По дороге старик Тараул рассказал о своем житье-бытье.

– Пасу я скот у бая Иргиза. Эй, жадная жена у того бая! На целый день дает она миску кислого молока да головку курута. С такой еды не разжиреешь, как бы ноги не протянуть. Вот и хожу в лес, из своей хызма птиц постреливаю, петлей щук полавливаю. Под вечер ставлю снасти на сома – здорово берут они на лягушек. Ежели не промышлять таким вот образом, трудно прожить, сынок.

А Хаубан по дороге с большим любопытством разглядывал хызма. Наконец он вздохнул и сказал простодушно:

– Эх, дедушка, если бы у меня была такая хызма, я бы тоже научился стрелять птиц и не ходил голодный.

Не ожидал таких слов Тараул, только и пробурчал, мол, так бы оно и было, да замолчал надолго. А у самого закралось в душу сомнение – вдруг узнал мальчишка эту самую хызма, ведь досталась она старику от отца Хаубана!

Наконец, чтобы доподлинно удостовериться, решил он задать такой вопрос мальчику:

– Твой отец покойный был хорошим охотником, стрелком, метким стрелком, сынок. Помню, была у него хызма. Теперь ее, наверное, уж нет.

– Ах, дедушка, – простодушно отвечал Хаубан. – Люди говорили мне, что когда отец умер, у матери моей ничего не было. Вот она и отдала хызма, выменяла его на холст для савана.
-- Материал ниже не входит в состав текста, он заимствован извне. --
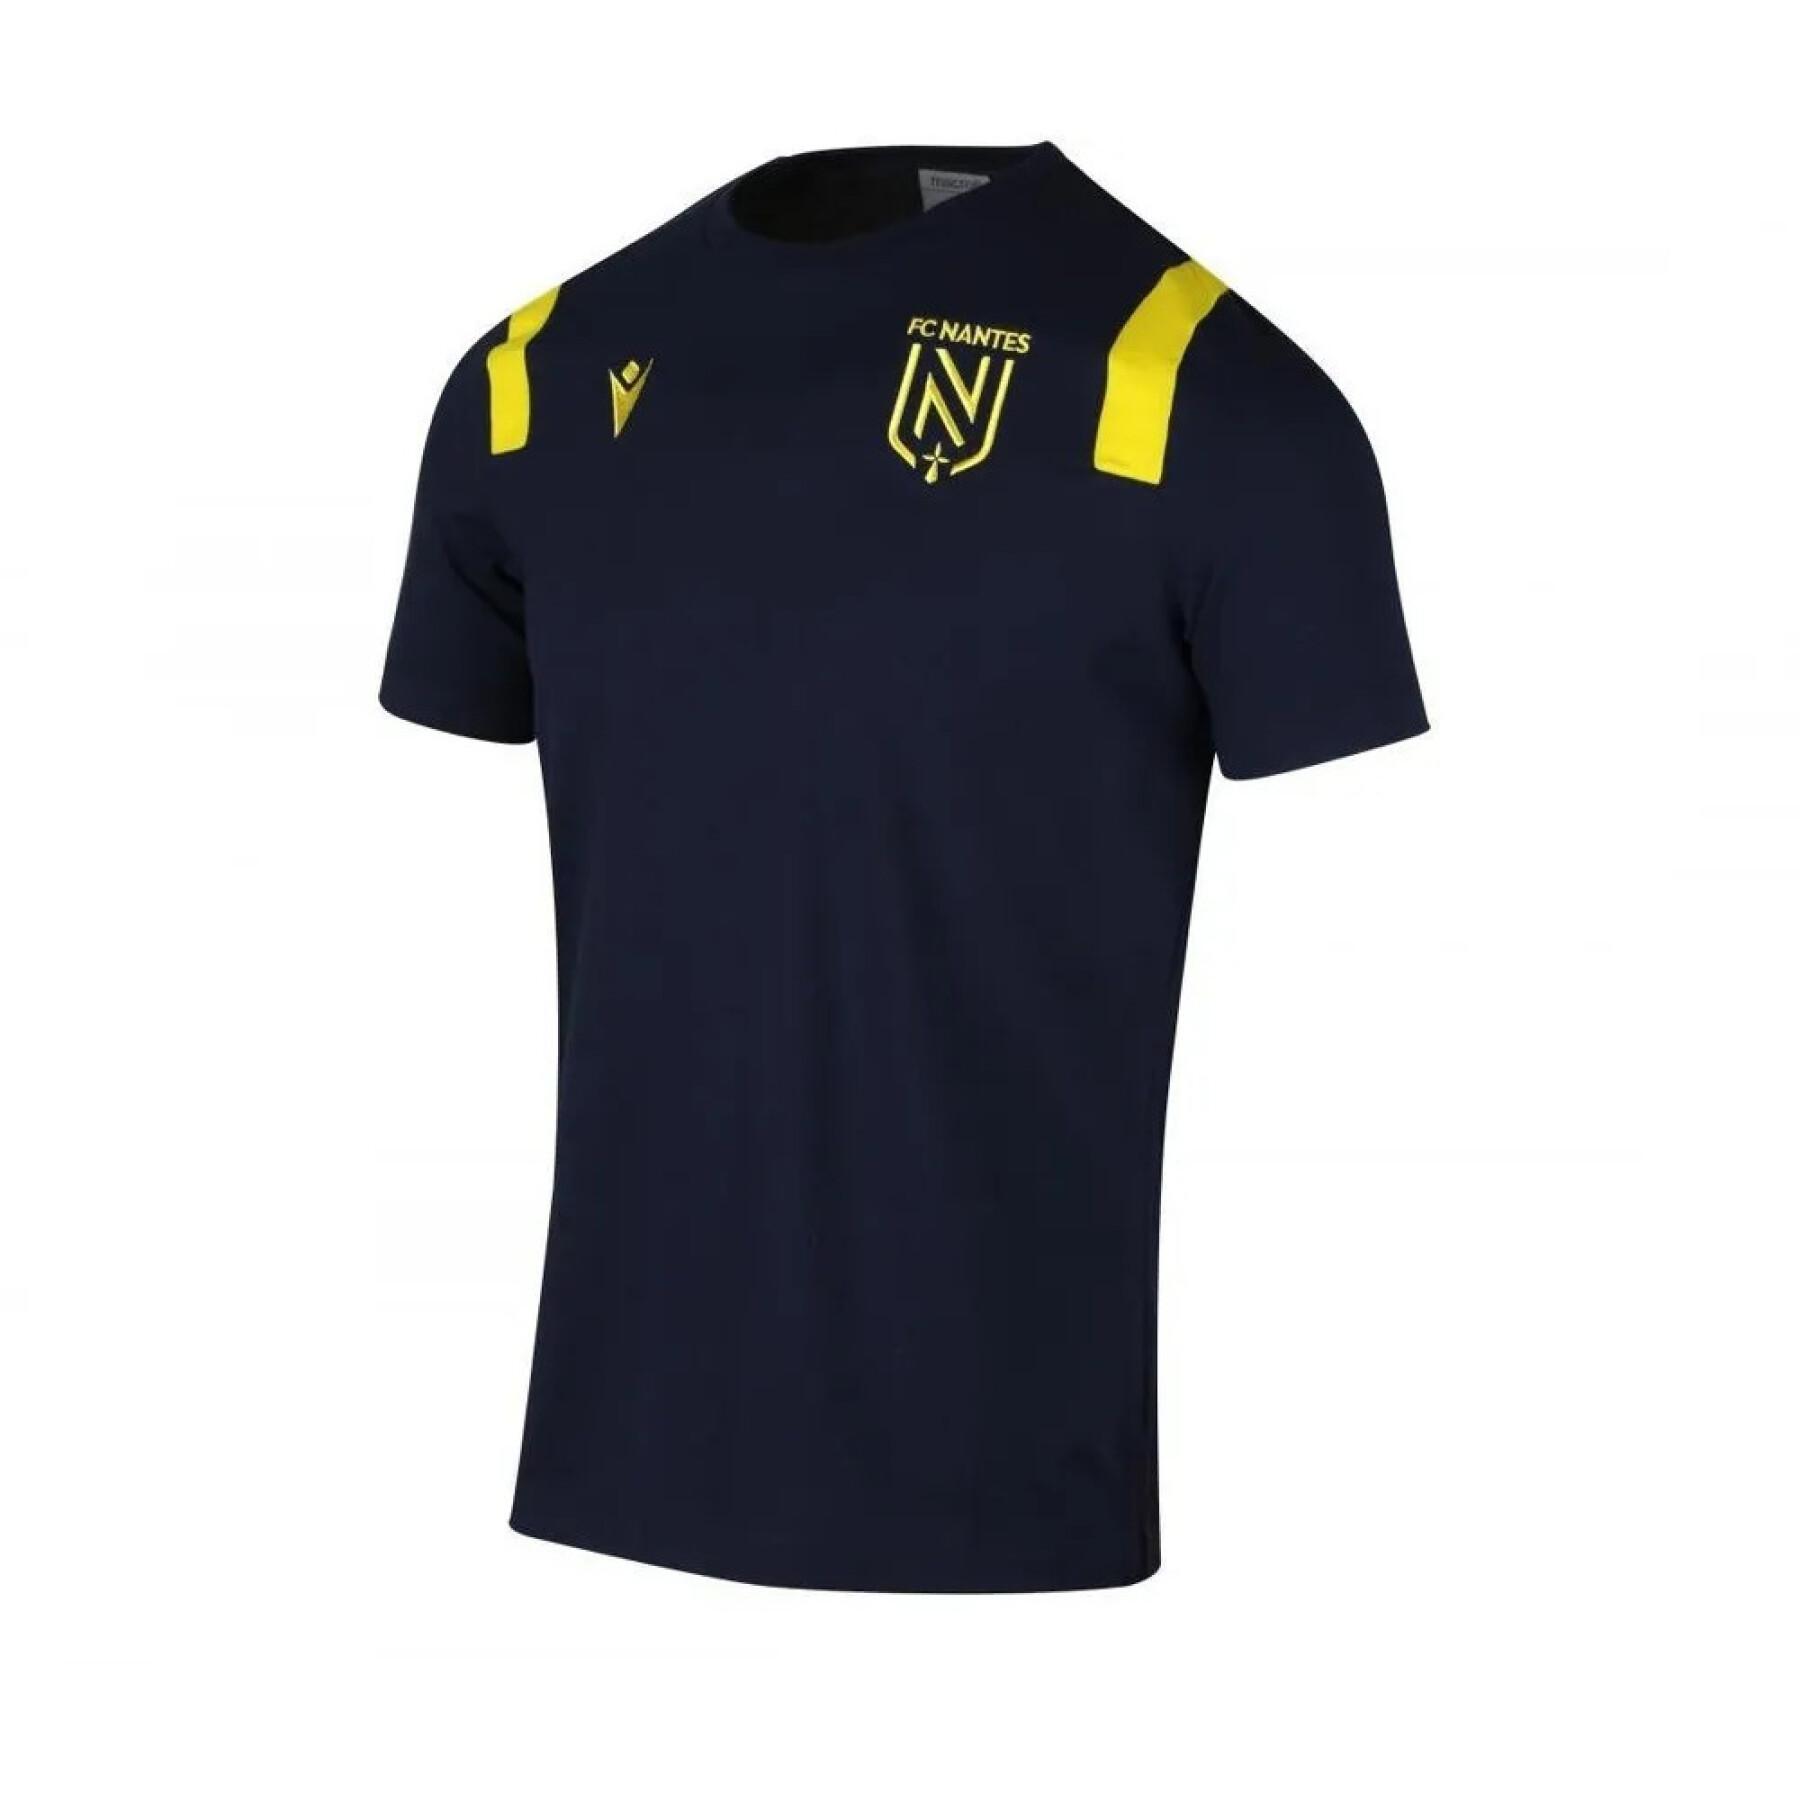 Camiseta infantil FC Nantes 2020/21

Убедился Тараул, что безгрешен мальчик, нет у него на сердце никаких камней, что скрываются под водой, еще раз проронил слезу.

– Можно было, конечно, и в старой одежде похоронить твоего отца, – сказал он наконец, качая головой. – Да видно, мать твоя решила проститься с ним, как подобает. Что же, понять можно. Ведь был он спутником ее жизни, вместе с ним прожила она долгие счастливые годы.
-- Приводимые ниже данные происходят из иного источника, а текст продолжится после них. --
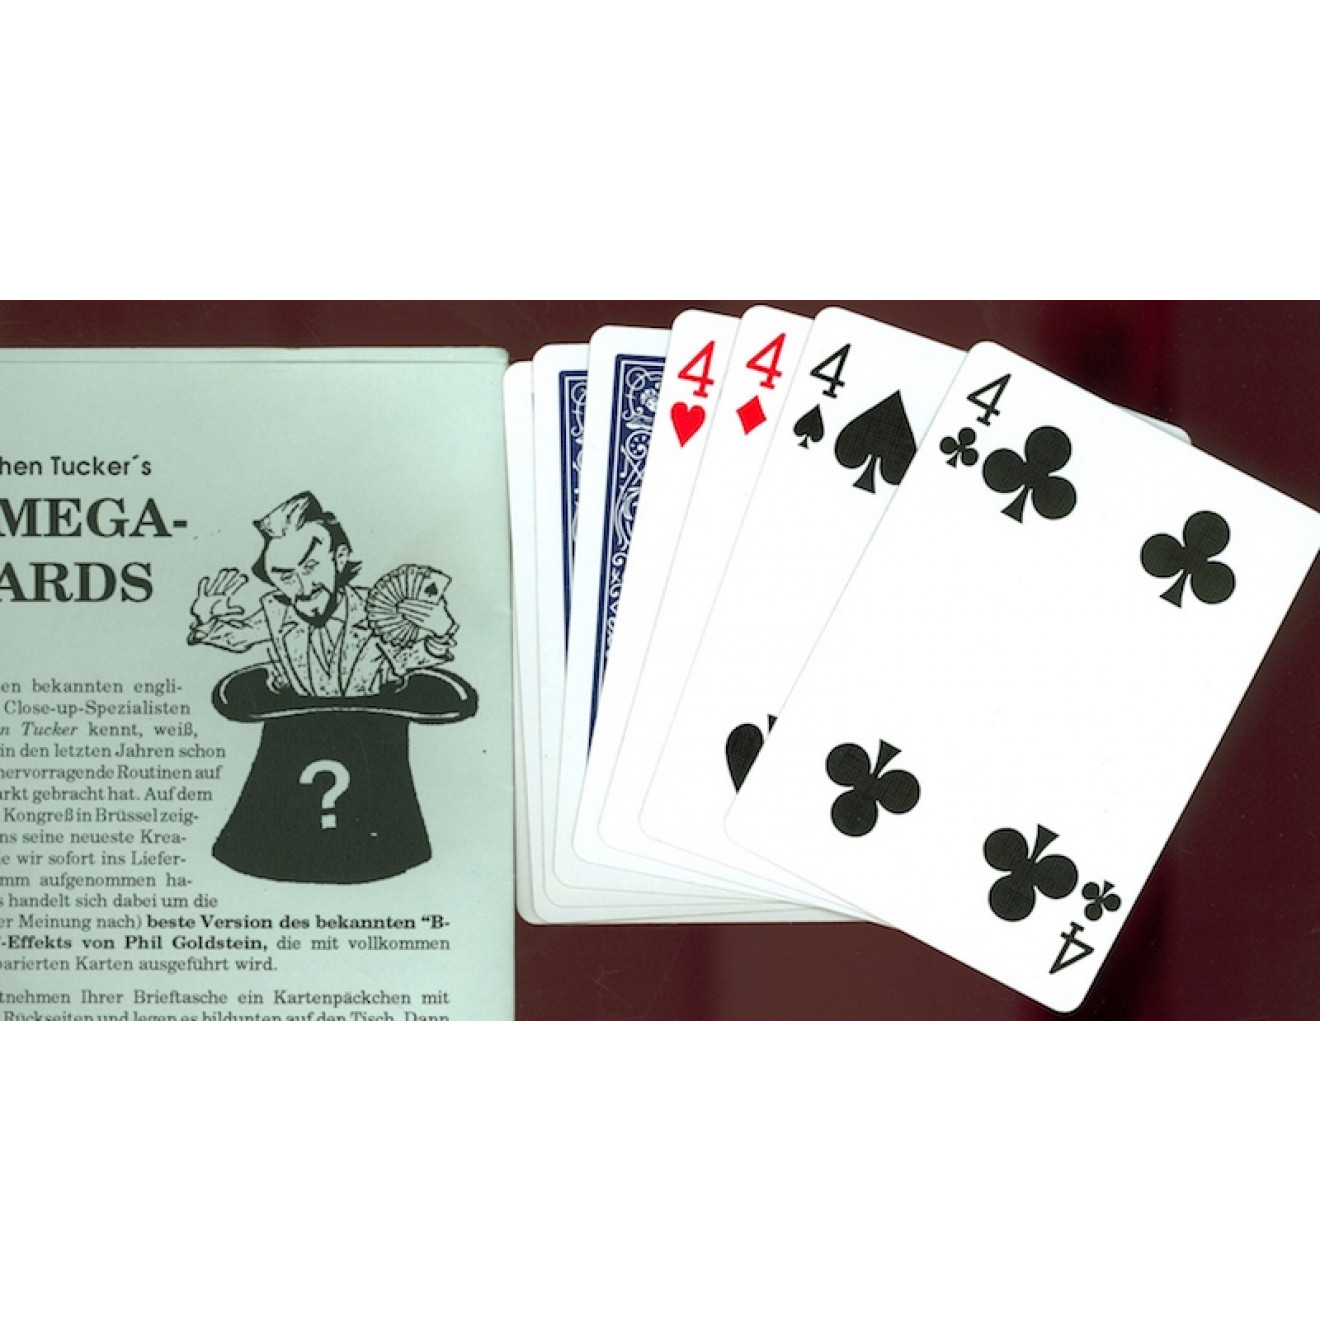 Omega Cards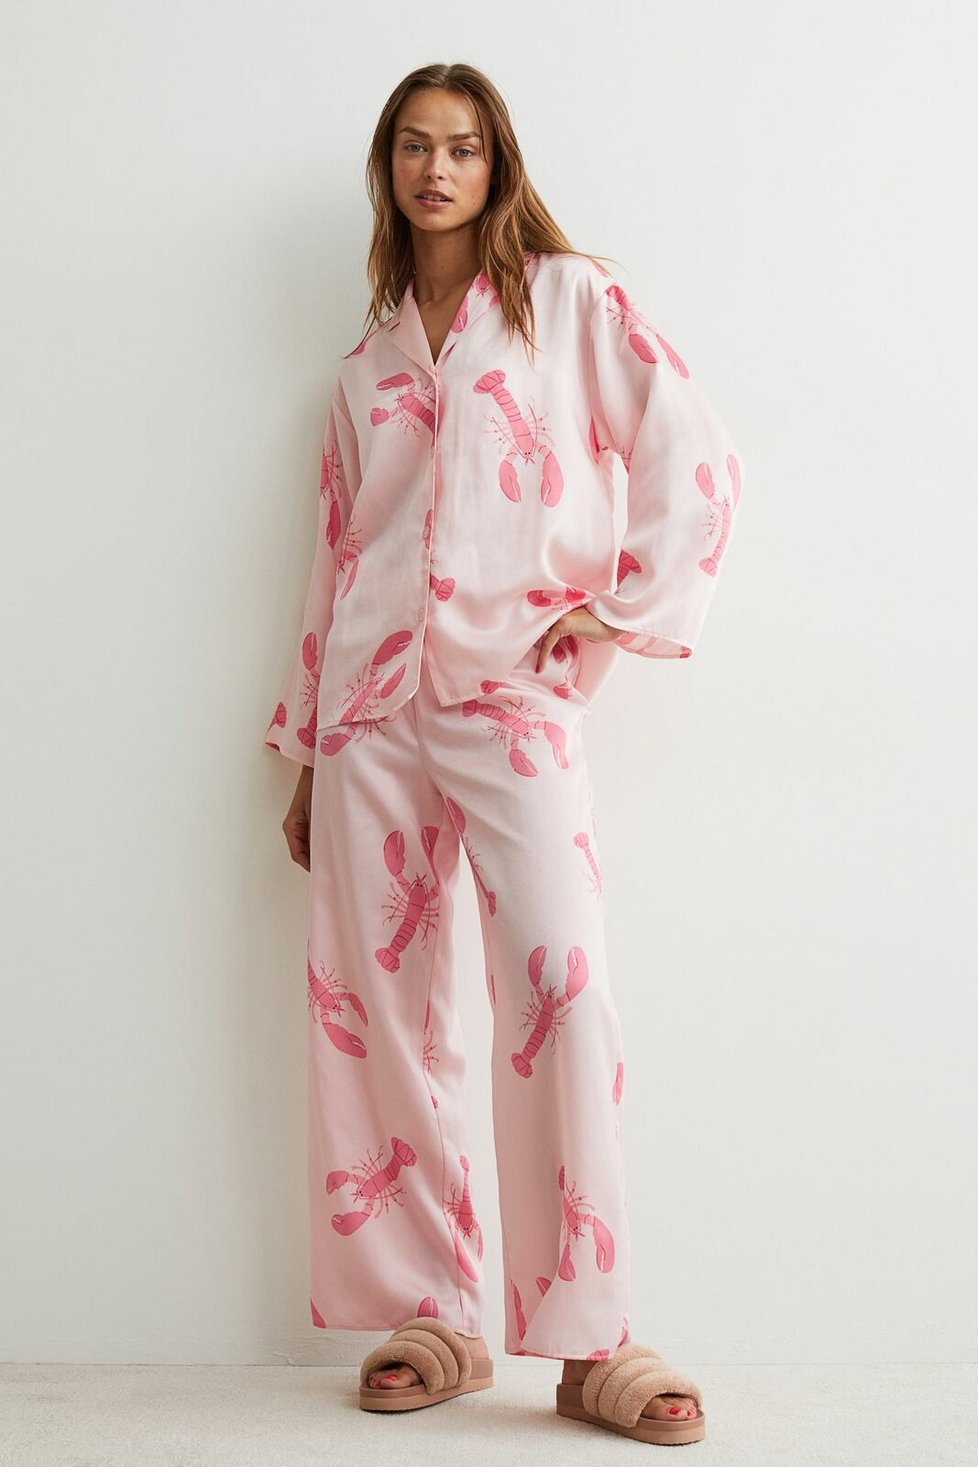 H&M, pyžamový komplet 949 Kč

– Эх, дедущка, что говорить, что было, то было, – горько улыбнулся Хаубан, но слезы и ему навернулись на глаза.

– Сказывали мне люди, что у матери моей после смерти отца ничего не осталось, не могла она провести поминки, как положено, – на третий, седьмой и сороковой дни. – Вздохнул Хаубан и продолжил свой горестный рассказ:

– Ушла мать в слезах из дома, хотела выпросить что-нибудь у людей. Ушла и пропала, с тех пор я ее не видел. Я тогда был совсем маленьким, даже не помню, как это было.

Долго молчали мальчик и старик, шли и шли к реке. Только когда осталось до нее совсем немного, вздрогнул Хаубан и почти шепотом проговорил:

– Раз уж мать пропала, хоть бы хызма осталась! Не ходил бы я, не зная, что делать, как медведь шатун, хоть бы охоте выучился.

И так горько прозвучали эти слова, что старик глубоко задумался и долго-долго молчал.

Вдруг он, решившись, остановился. Остановился за ним и Хаубан.

– Сынок, сынок! Хватит тебе маяться! – с мукой сердечной в голосе выговорил старик Тараул. – Я уже стар, мне шестьдесят лет. Еще столько же я не проживу. А ты пока еще малое дитя, у тебя все впереди. Вот, возьми эту хызма, такой хызма ни у кого на всем Урале нет! Храни ее как память, никому не говори, где взял, береги от злых людей!

Сказал так Тараул и протянул хызма Хаубану. От радости мальчик не знал, что делать, что сказать, крепко обнял хызма, прижал к груди. Наконец он пришел в себя и от всей души поблагодарил старика.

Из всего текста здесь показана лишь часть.